Eth2 Bounty Program With Up To $50,000 in Payouts Announced
The Ethereum Foundation has announced a bug bounty program for Eth2. Payouts of up to $50,000 are available for hackers who point out critical vulnerabilities that could affect the protocol and its three clients: Lighthouse, Prysm, and Teku.
The Eth2 Bounty Program
Under the Ethereum Bounty Program, bounties will be presented for bugs identified in the protocol and clients. Hackers who point out these vulnerabilities will have a place at the program’s leaderboard.
At the time of writing, no vulnerabilities had been submitted.
It is imperative that Eth2 works as designed without technical glitches either during launch or a few weeks into Phase 0.
If a fault is identified, it could damage not only the reputation of the leading smart contracting platform but also calls into question the need of transiting to a new consensus algorithm when Eth1 scaling solutions haven’t been exhaustively explored.
Client Problems during TestNets
During the test phase, Prysm Eth2 clients had a time sync error causing postponement and the launch of the Spadina test network.
Even this faced on-boarding problems despite being described as a “dress rehearsal.” Zinken was the final hoop that ironed-out issues in Medalla and Spadina.

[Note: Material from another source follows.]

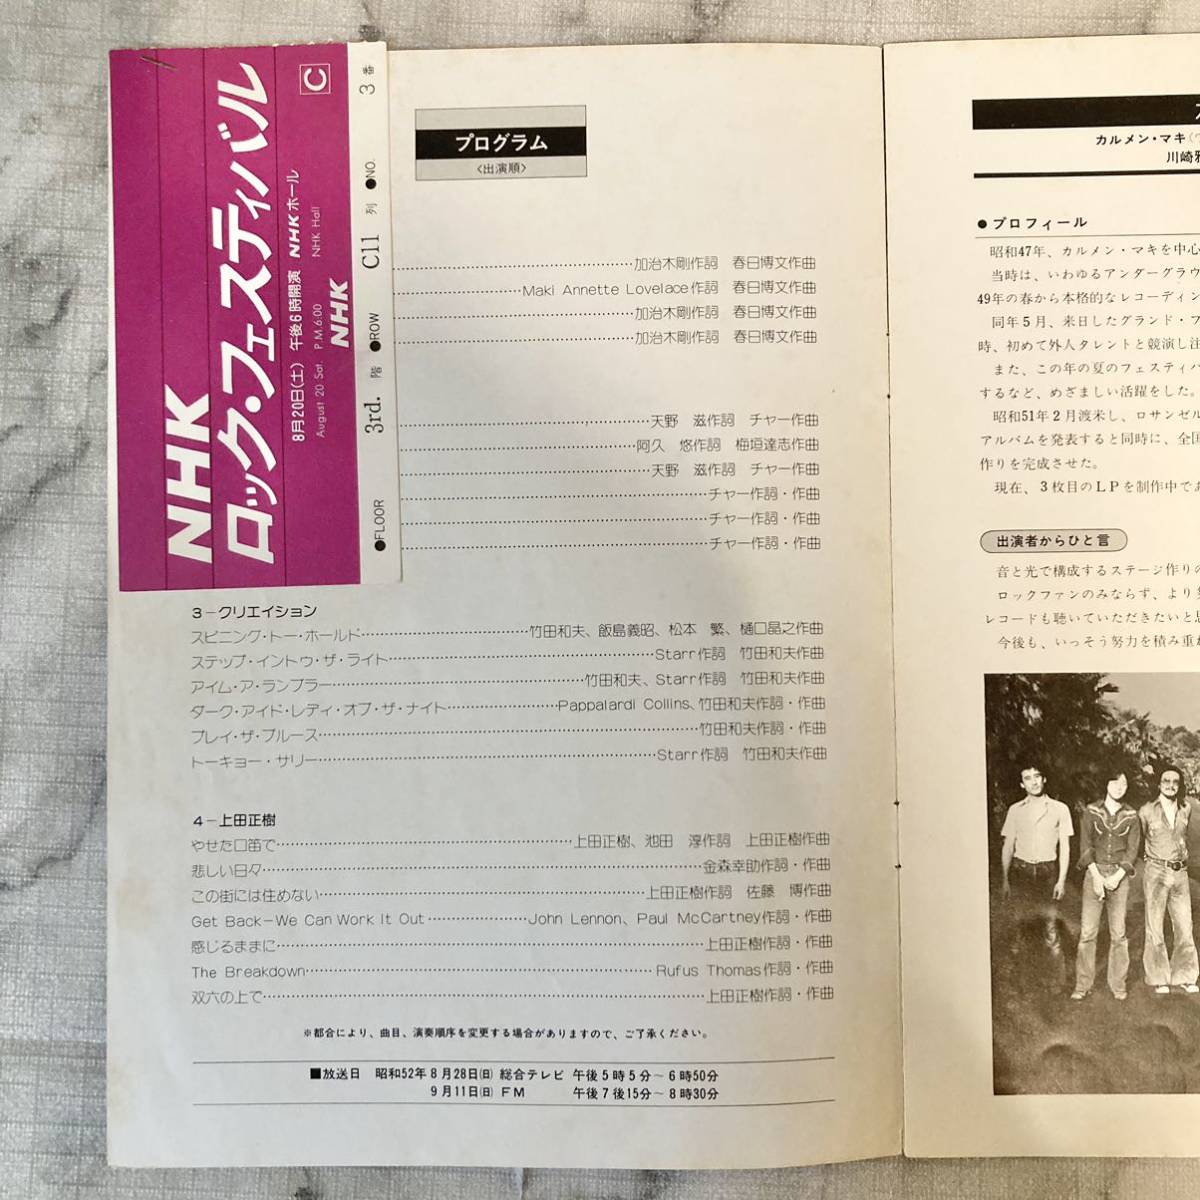  проспект / program /NHK блокировка * фестиваль /1977/52 год /karu men *maki&OZ / коричневый -Char бамбук средний более того человек /klieishon бамбук рисовое поле Kazuo / Ueda Masaki

It paved the way for Ethereum developers to announce the official deposit contract address and the tentative launch date of the Beacon Chain mainnet.
The Migration from Eth1
Notably, the announcement is roughly two weeks before Ethereum begins its transition, migrating from a Proof-of-Work to a Proof-of-Stake consensus algorithm. In this mode, validators will replace miners once the Proof-of-Work machine is powered off at a tentative time in 2021 during Phase 1.5.
In the meantime, the Ethereum community is looking forward to a possible activation on Dec 1, 2020. However, this is subject to certain conditions being met. One of them is that there should be at least 524,288 ETH in the official Eth2 staking contract translating to 16,384 validators.
To qualify as a validator, one must stake 32 ETH. The goal is to ensure maximum decentralization. An important facet in the blockchain is complete decentralization that in turn brings in resilience. Also, regulators wouldn’t have a problem with classifying the project’s native currency as a utility.
Presently, 95,168 ETH has been staked according to Etherscan.
Earlier on, BTCManager reported a consensus bug fix in Eth1 that briefly caused a network split affecting miners and nodes using old versions of the Geth client.